* **The problem**: In this exercise, the entries below include pictures. Repeat exactly the lines from the line with "Explosionsschutzdokument entsprechend" to the line with "Contrasto al Covid: l’ASL", including both, but without the pictures.

* **Information provided**:
..........

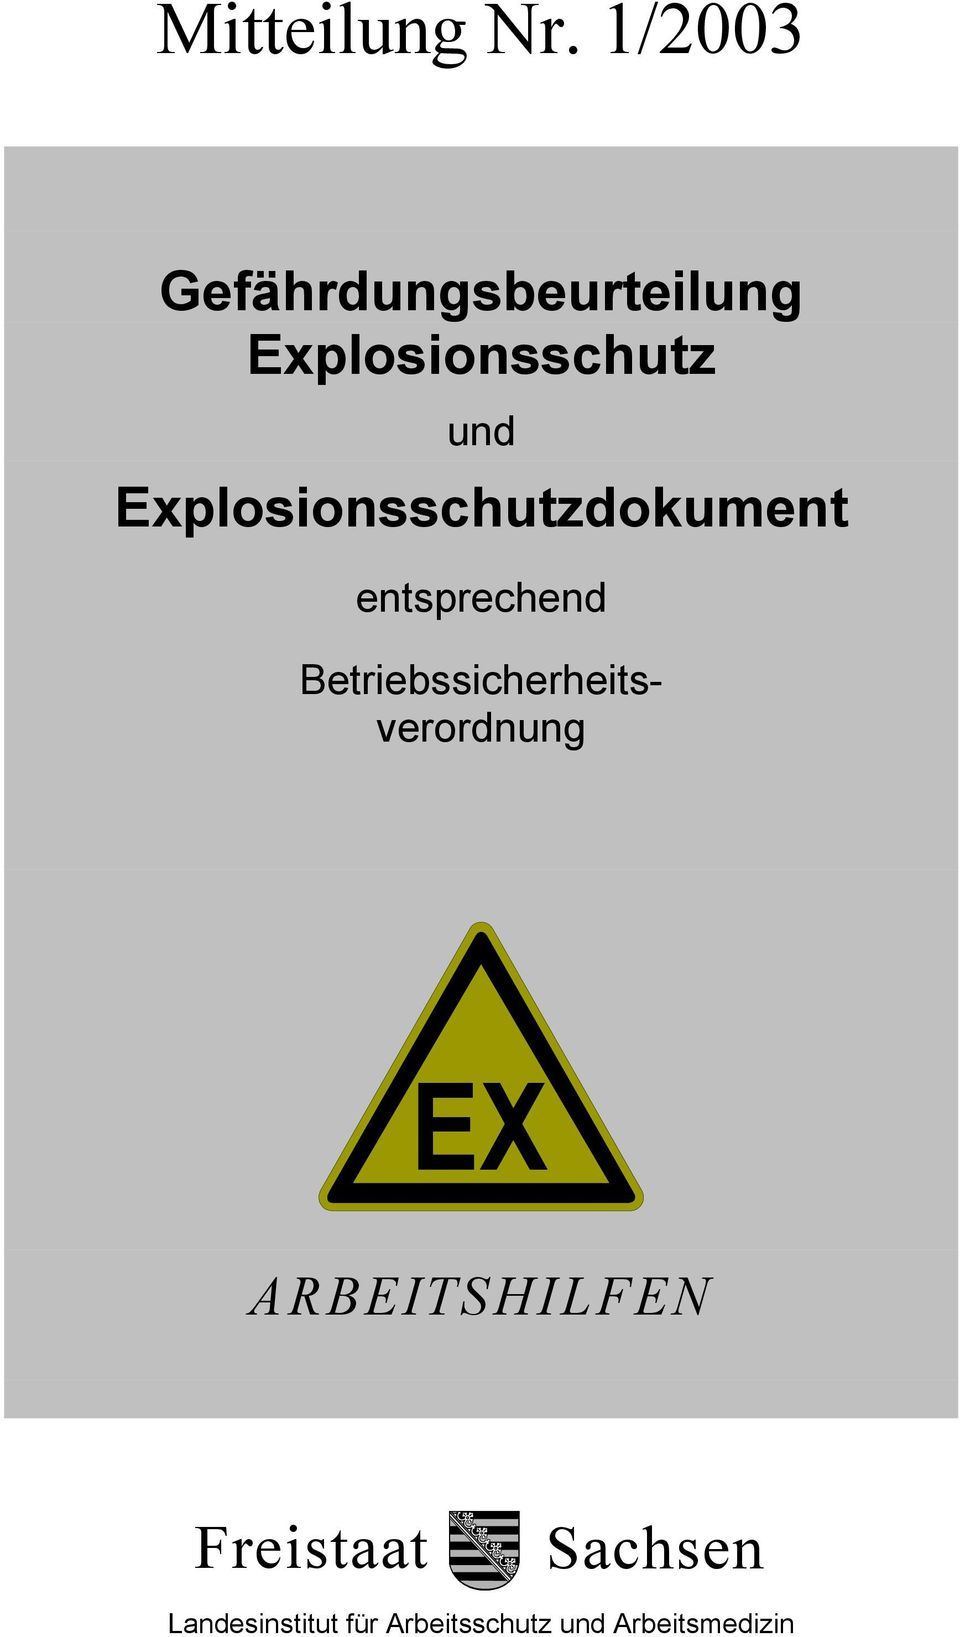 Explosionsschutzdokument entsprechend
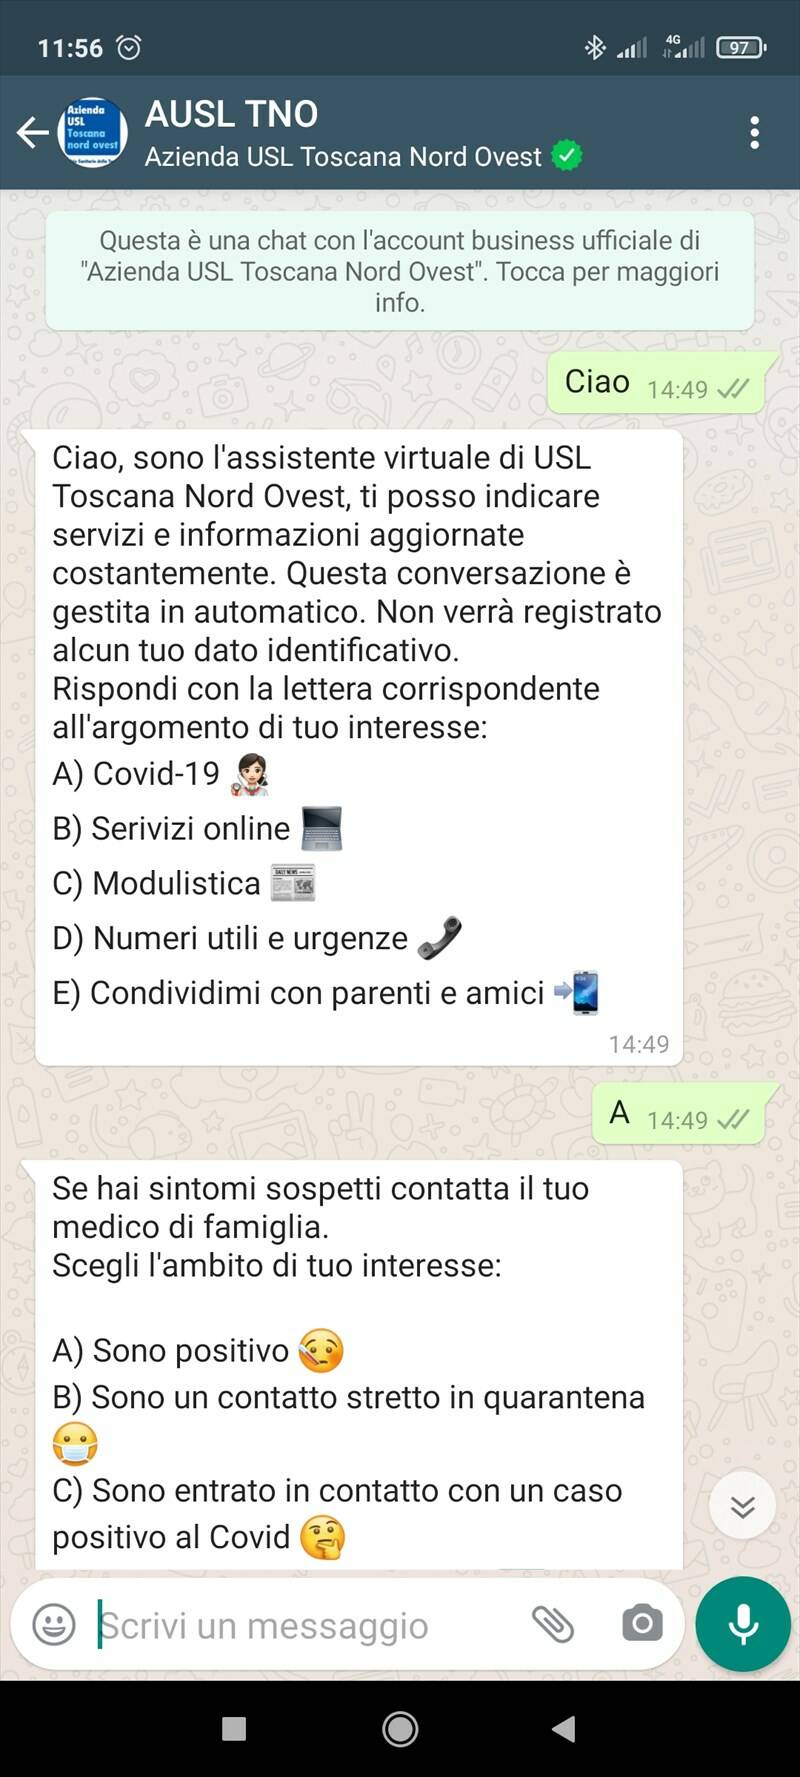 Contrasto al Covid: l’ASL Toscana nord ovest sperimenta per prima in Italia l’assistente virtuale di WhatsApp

..........

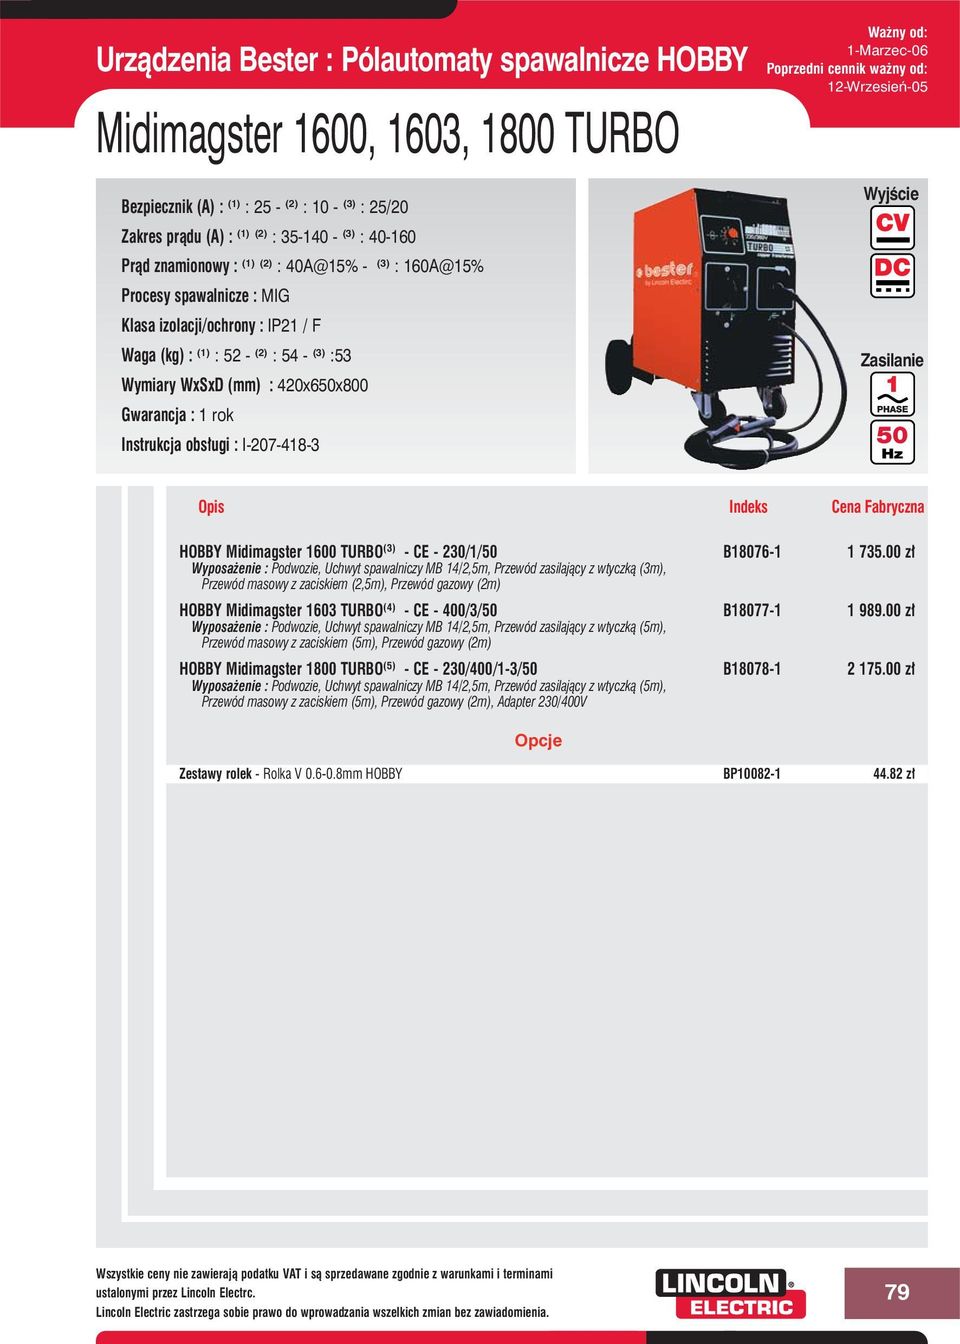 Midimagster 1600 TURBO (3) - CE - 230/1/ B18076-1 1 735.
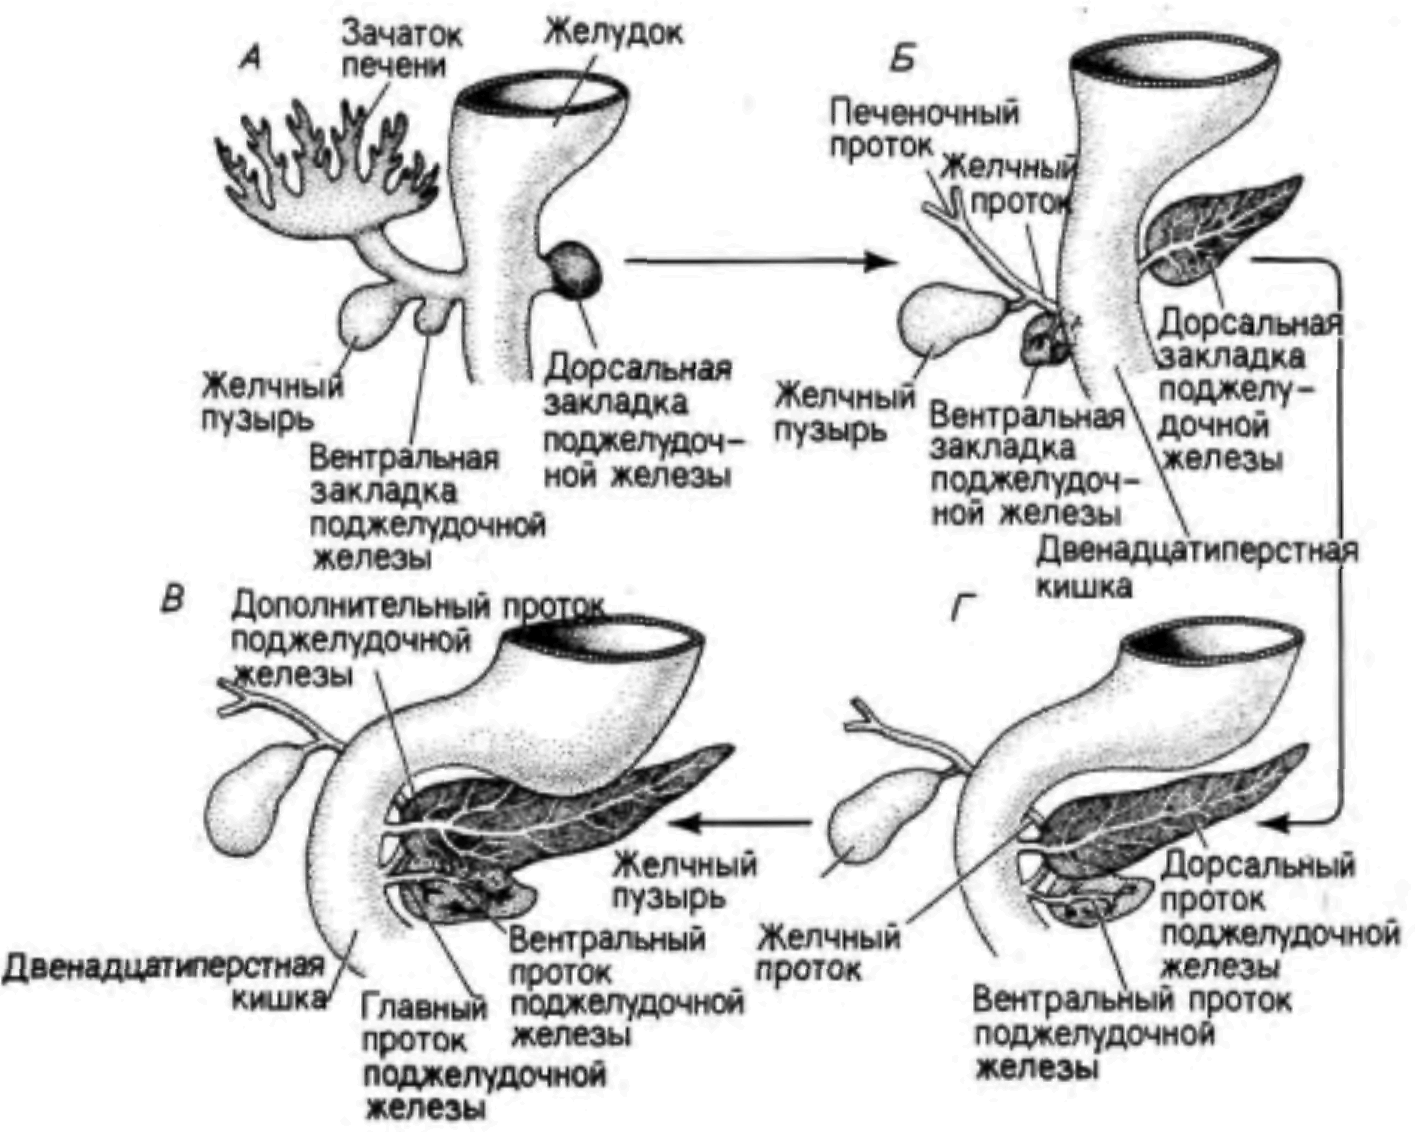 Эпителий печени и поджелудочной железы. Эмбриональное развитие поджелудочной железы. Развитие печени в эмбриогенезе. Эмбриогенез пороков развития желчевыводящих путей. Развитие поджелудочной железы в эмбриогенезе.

..........

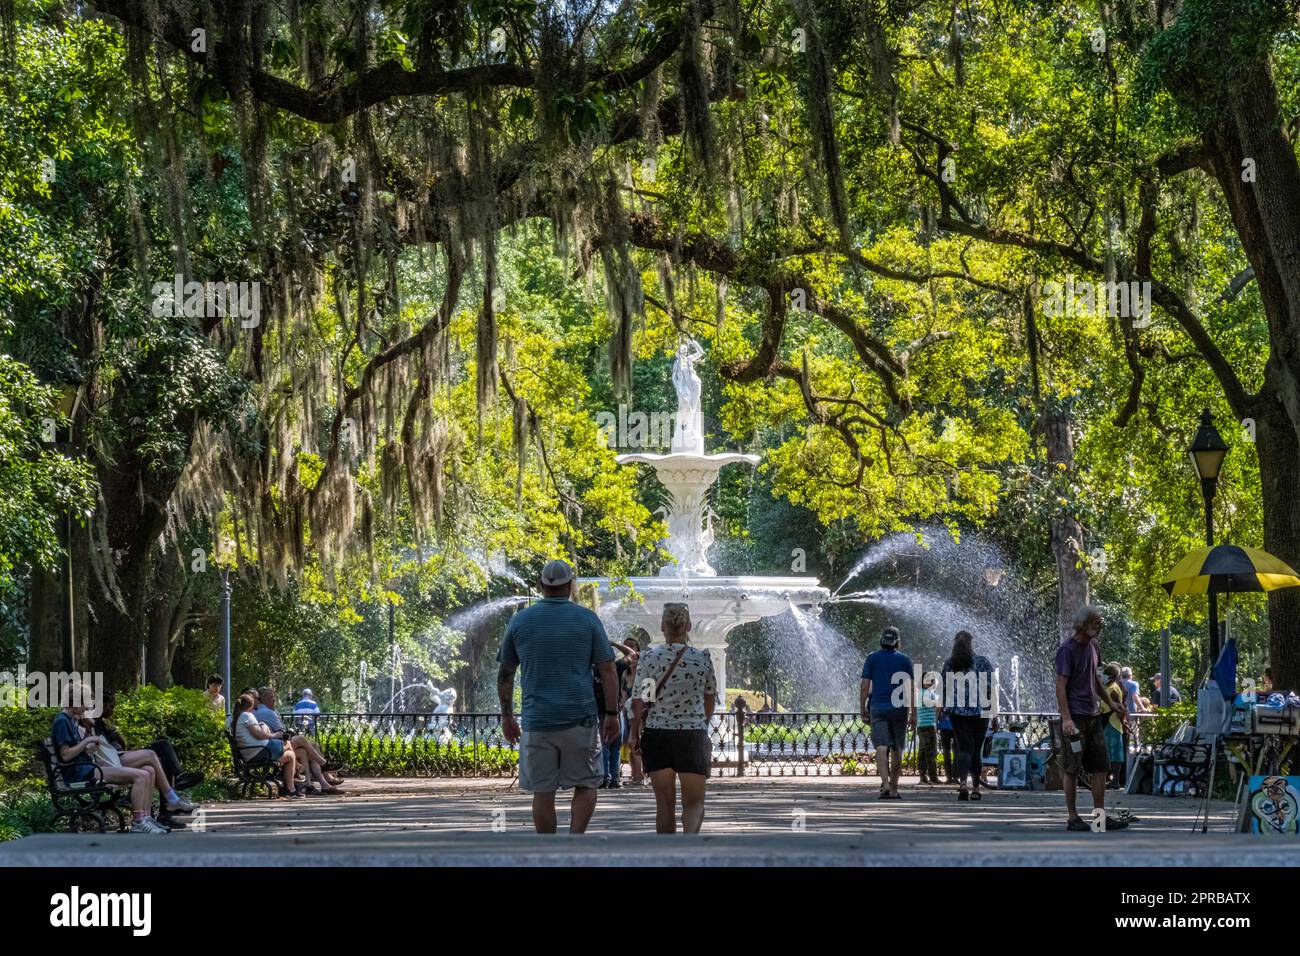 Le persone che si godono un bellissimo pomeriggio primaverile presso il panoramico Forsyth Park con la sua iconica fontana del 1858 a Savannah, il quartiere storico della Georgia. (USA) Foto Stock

..........

* **Expected output**:
 Explosionsschutzdokument entsprechend
 Contrasto al Covid: l’ASL Toscana nord ovest sperimenta per prima in Italia l’assistente virtuale di WhatsApp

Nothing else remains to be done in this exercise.